At the moment I haven't bothered with properly projecting them on to the plane or stretching them off to one side of the model.

I'm in two minds about this shadows thing. Carmack wrote in the original GLQuake readme that they weren't meant to be very robust, but just a neat little trick that he pulled off quickly enough and was rather fun to look at. Software Quake doesn't have them. Original GLQuake shadows didn't work right on sloped surfaces, and nothing outside of shadow volumes or shadow maps will work right on steps. If a model is just outside of your FOV it's shadow will abruptly disappear, even if it had been stretching half way across your screen in the previous frame.

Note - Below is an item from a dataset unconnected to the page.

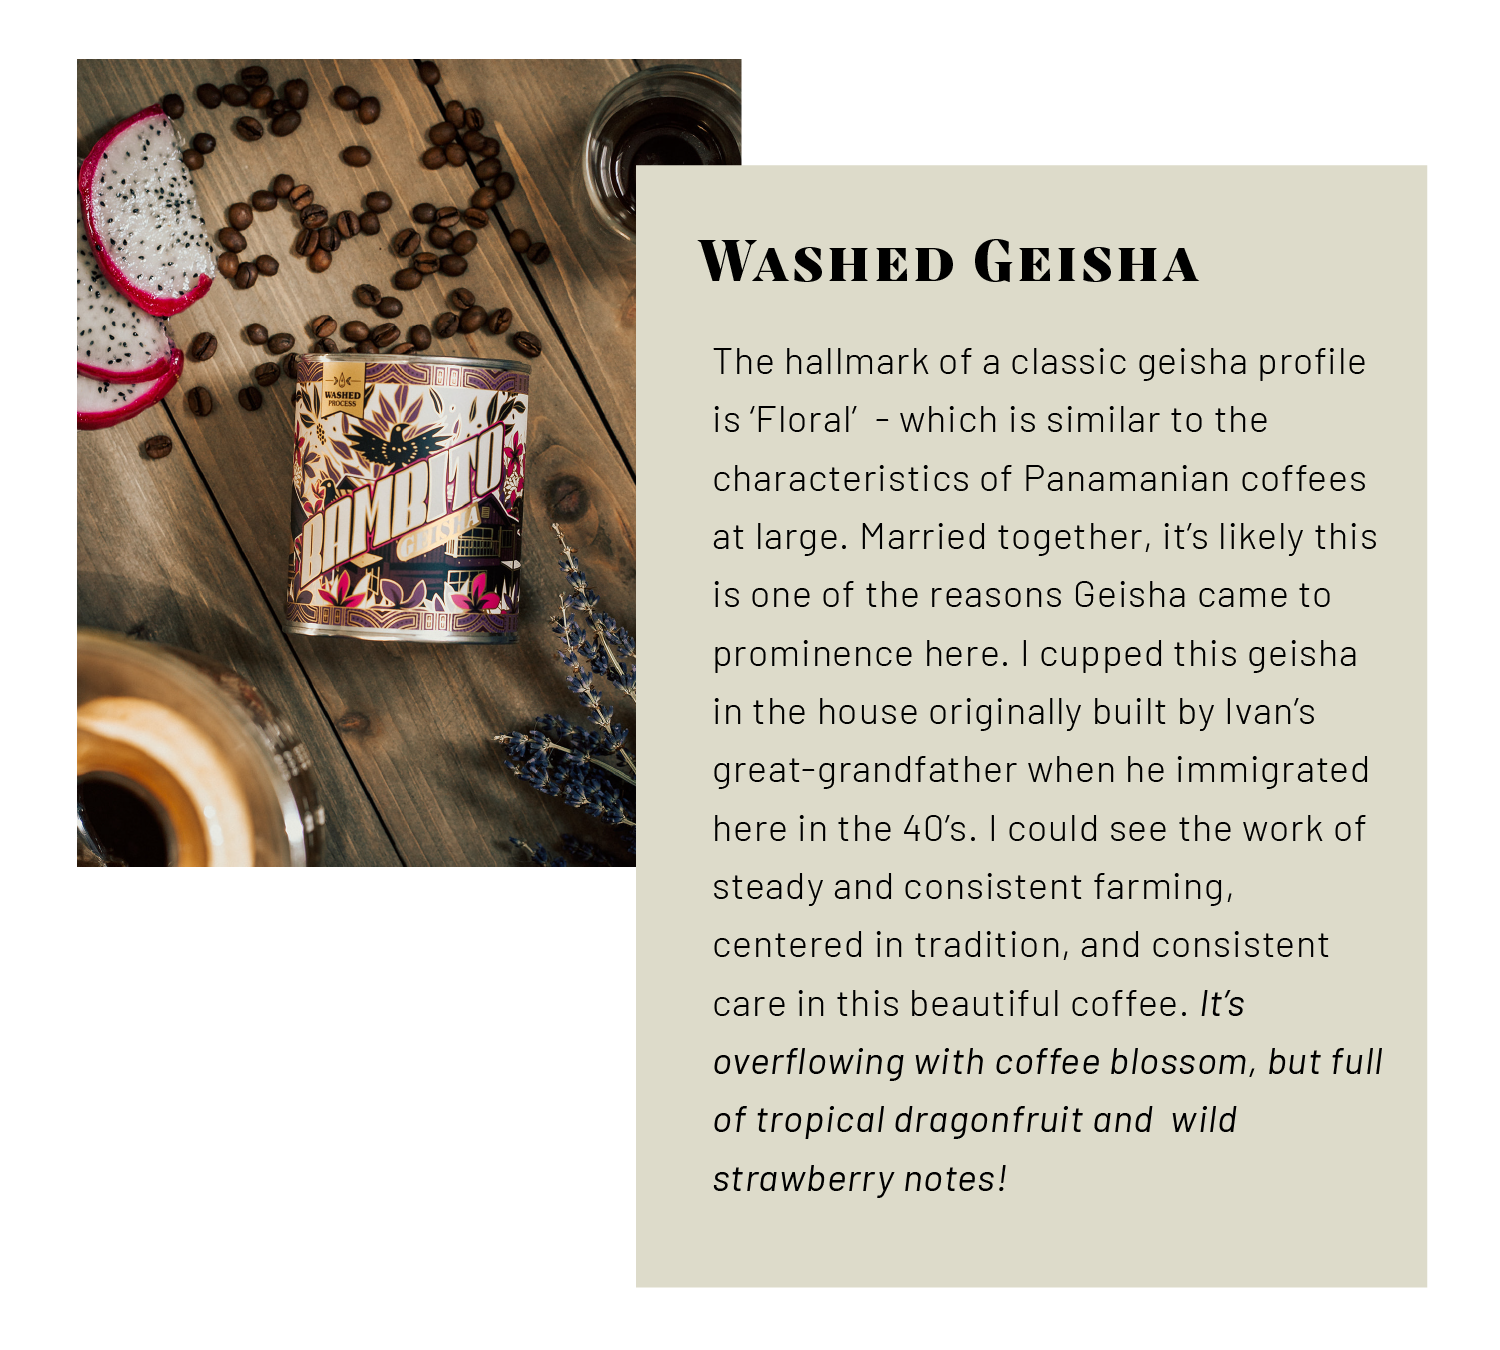 Washed Geisha - The hallmark of a classic geisha profile is 'Floral'  - which is similar to the characteristics of Panamanian coffees at large. Married together, it's likely this is one of the reasons Geisha came to prominence here. I cupped this geisha in the house originally built by Ivan's great-grandfather when he immigrated here in the 40's. I could see the work of steady and consistent farming, centered in tradition, and consistent care in this beautiful coffee. It's  overflowing with coffee blossom, but full  of tropical dragonfruit and  wild strawberry notes!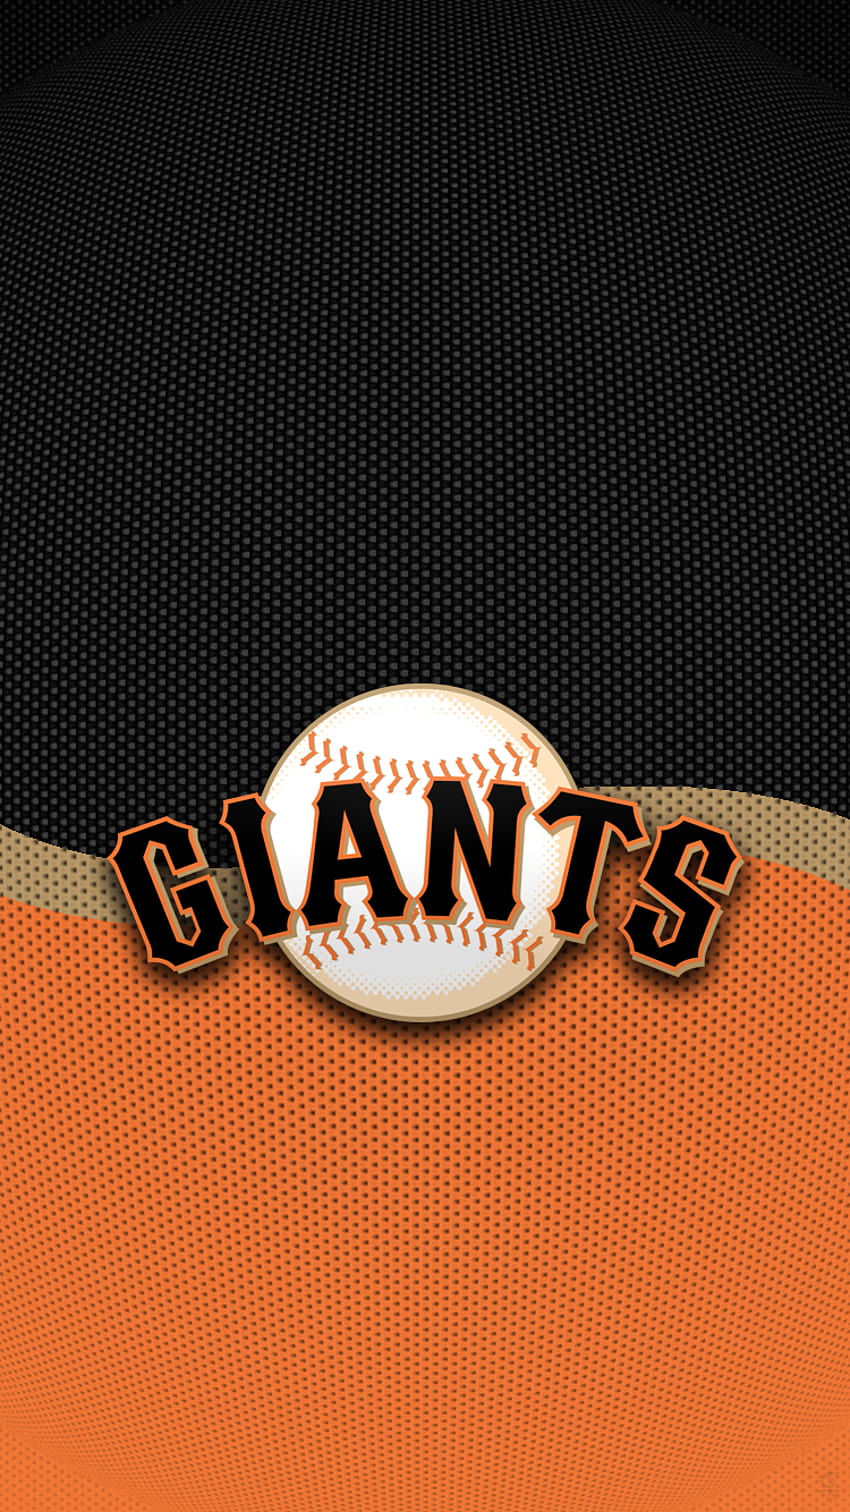 Mobile wallpaper San Francisco Giants Baseball Sports 311384 download  the picture for free

They hurt performance. They have nasty looking hard edges.

What this is leading up to is that I'm thinking of removing r_shadows at some point in the future. They're a novelty trick that makes you go "gee whizz" for about two seconds. If shadows are to be done at all they should be done right (DarkPlaces), and right now that's beyond the scope of DirectQ. Shadows (GLQuake style) really belong in the same big bag of discarded nastiness that mirrors, lack of fullbrights and lack of overbrights have long since been confined to.

I'll leave them in as they are for now, but don't be too surprised if you see them go sometime.